Credentials and Security
Ground Truth
No users can execute outside the scope of the credentials and permissions that admins and data owners have explicitly granted.
Quick Definitions
- Action Provider: An external system that an action lets you interact with, e.g., Jira or Okta.
- Action Template: A type of action available for an action provider, e.g., “Add User to Okta Group” or “Create Jira Ticket”.
- Action: An instance of an action template with parameters configured by a user, e.g., “Create IT Support Request Jira Ticket in SI Project”.
- Invoking an Action: Prompting an agent to decide that an action should be taken.
- Executing the Action: Running the action using your permissions/scopes.
FAQ
- Where are actions invoked?: In requests made to agents that have permission to use the action, as defined in Agent Access configuration.
- Who can invoke actions?: Users who can access an agent that the action is attached to. For specific actions with more regulated providers, users must be in the End User Access configuration in an action’s Deployment settings to invoke the action.
- Who can execute actions?: The action’s approvers. If there are no approvers, then the invokers.
- Which user-level providers can I OAuth into?: All providers enabled by your organization’s admins. Admins can prevent shadow IT connections to non-approved providers by disabling those actions in the Admin Data Sources tab.
Action Provider Categories
User-scoped Credential Action Providers
The vast majority of Credal’s action providers are user-scoped. This means that the credentials of the user executing the action are used when accessing the action provider. Thus, in a standard action configuration¹, it’s impossible for the invoking user to perform an operation that they were not already authorized to do directly in the provider, without Credal.
These action providers, including Salesforce, GitHub, and Notion, are considered low-risk and thus have minimal restrictions.
Action-scoped Credential Action Providers
For these providers, the access pattern centers not around individual users, but around different credentials¹. These credentials are attached directly to actions, allowing anyone with End-User Access to that action to use the associated credentials.

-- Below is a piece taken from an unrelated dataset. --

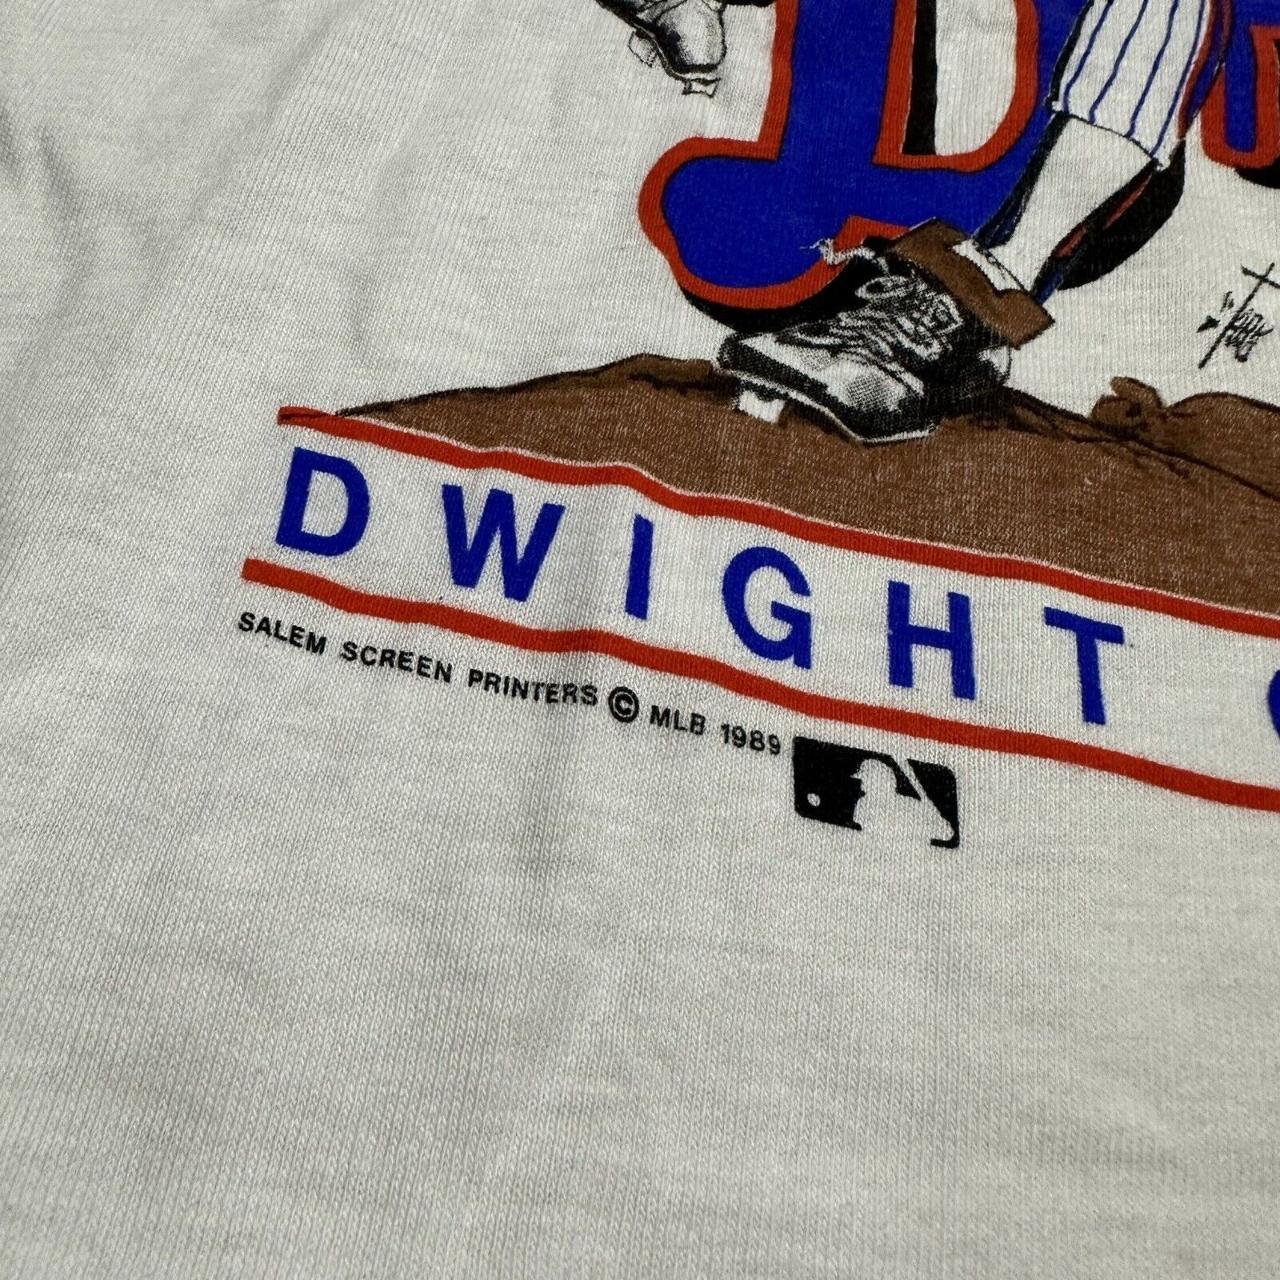 Dwight Gooden Dr K T-shirt

This is an unusual access pattern and is considered to be higher-risk than user-scoped action usage because it enables users to perform actions that they may not have permissions for in the underlying system. Thus, there is an extra layer of security controls in Credal’s system for these providers’ actions: end-user allowlisting.

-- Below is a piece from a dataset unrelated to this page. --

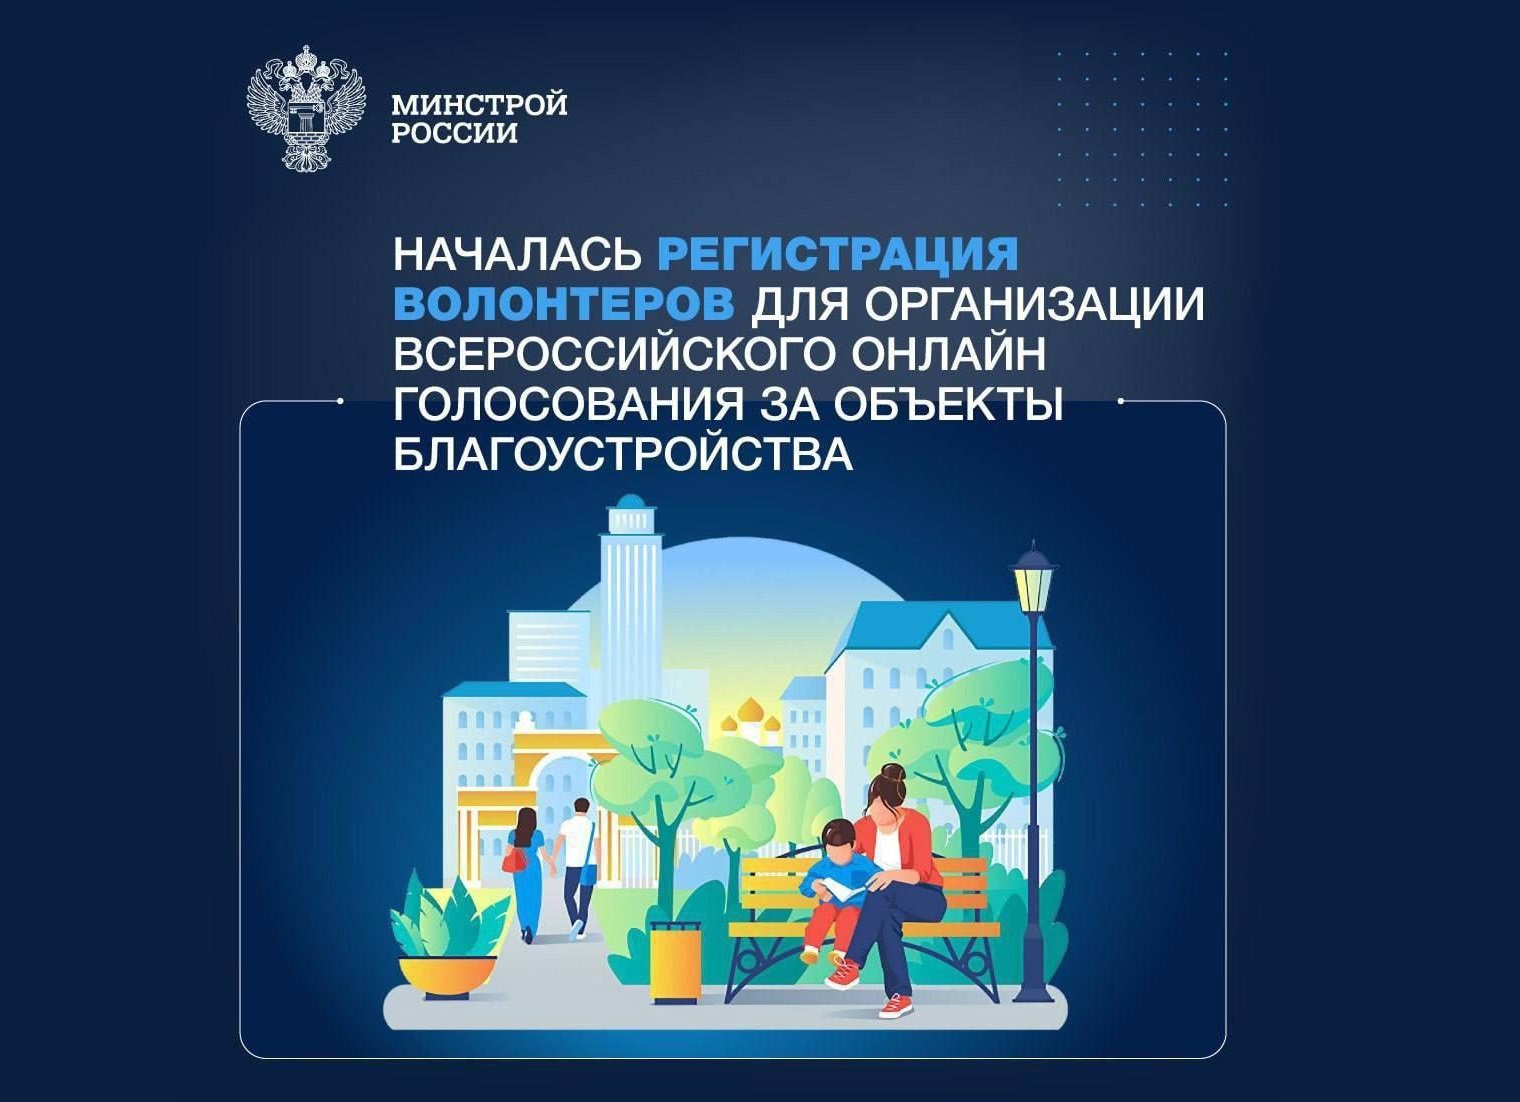 Открыта регистрация волонтёров для организации Всероссийского онлайн-голосования за благоустройство общественных пространств.

End-user allowlists allow an action collaborator to limit which users can execute the action, regardless of which agents the action is published to.

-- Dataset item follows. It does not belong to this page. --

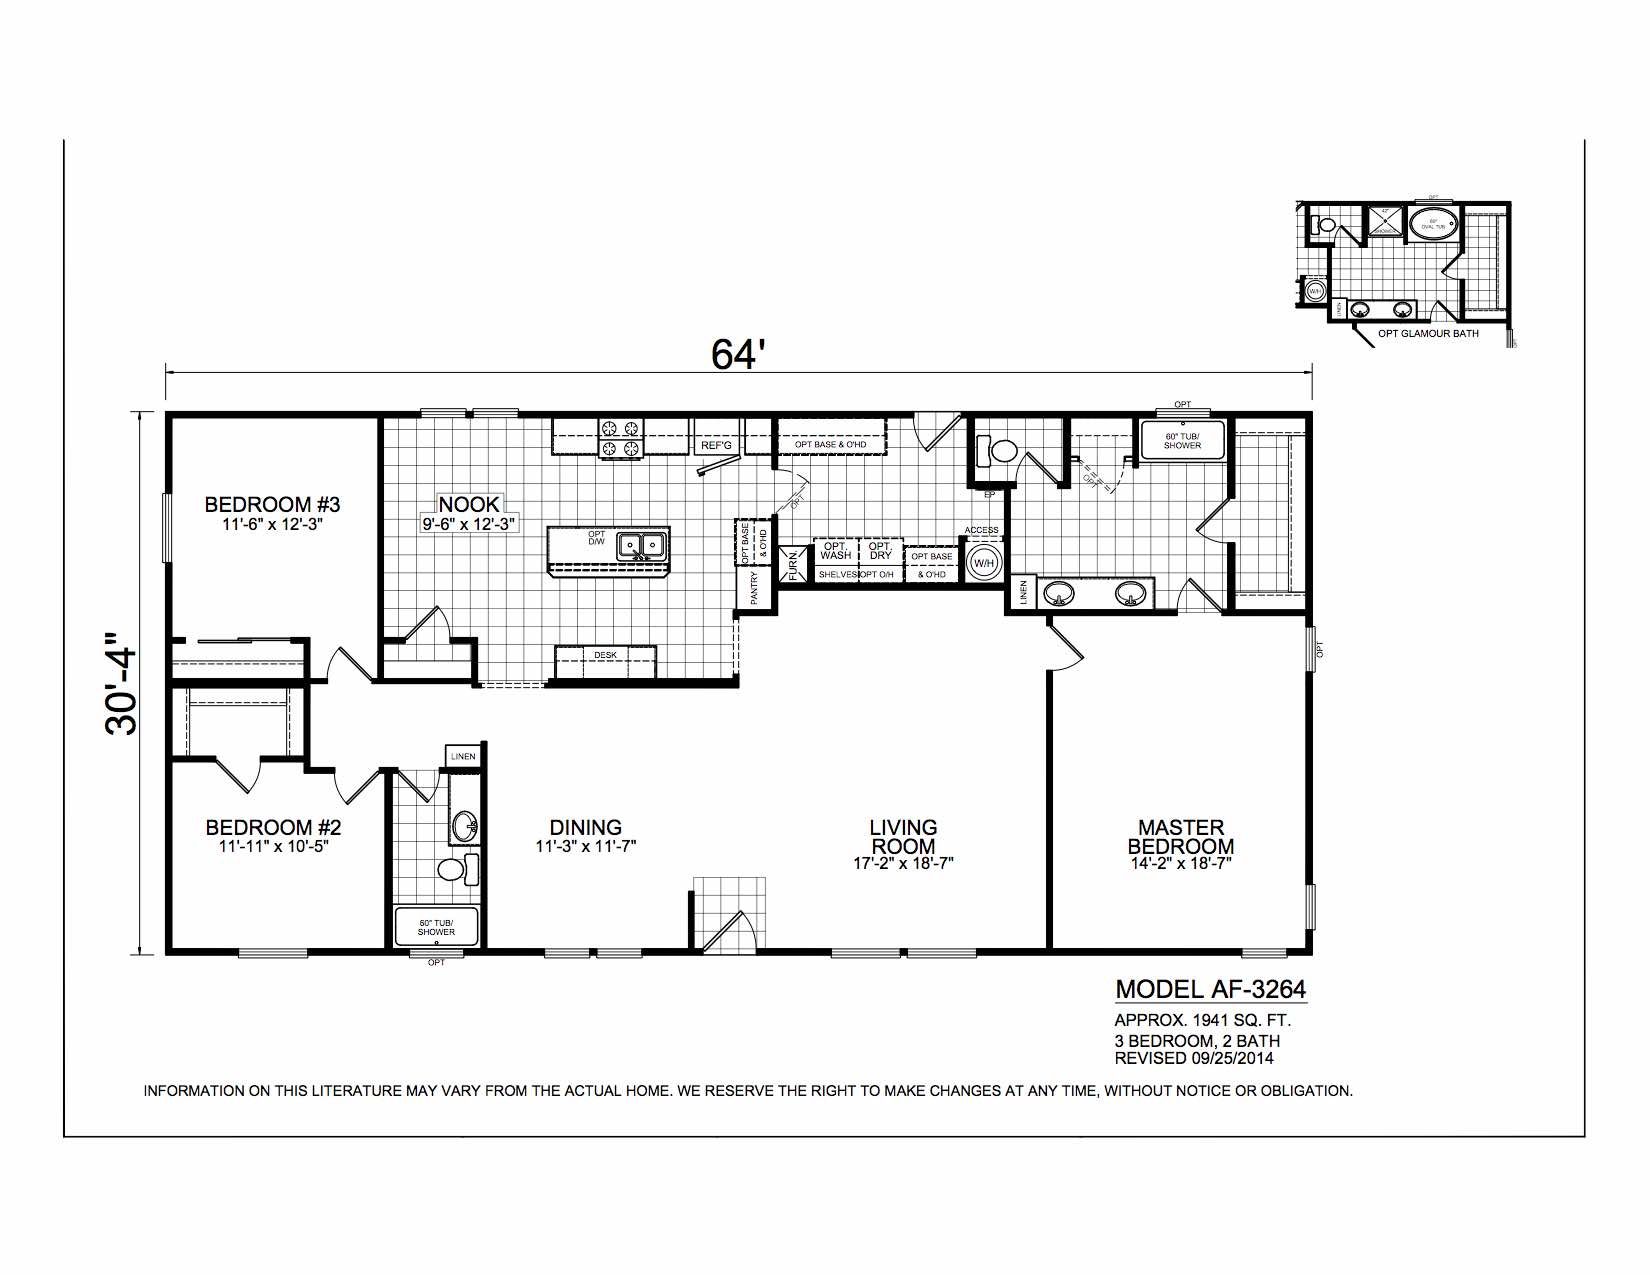 Homes Direct Modular Homes - Model AF3264 - Floorplan

Providers in this category include Looker and Snowflake.
¹There are instances where you’d want to have multiple credentials for a provider used in different actions, such as when you need a credential per role in each system.
Arbitrary Fetch with Credential
One special case of an action-scoped credential provider is our OpenAPI action provider, which contains an action (“Webhook”) that can be configured to make an arbitrary API request. Due to the risk posed by arbitrary changes to the specification, only admins can modify and publish these actions.
Human Approval & Multi-User Action Invocation Flows
Human Approval is a layer on top of Credal’s action security model that enables additional action governance and unlocks more complex action use cases.
Separately from respecting the permissions of a user in an action provider’s underlying system, it’s often important to be able to double-check an agent’s work before performing an operation in that system. For instance, a user may want to validate the phrasing used when invoking an action to modify a Notion document on company expense policies.
In other cases, it may be desirable for users to kick off an action invocation despite not having the permissions in the underlying system to execute that action. Using the human approval flow, it’s possible to request for someone with those permissions to approve the action and execute it on the original user’s behalf.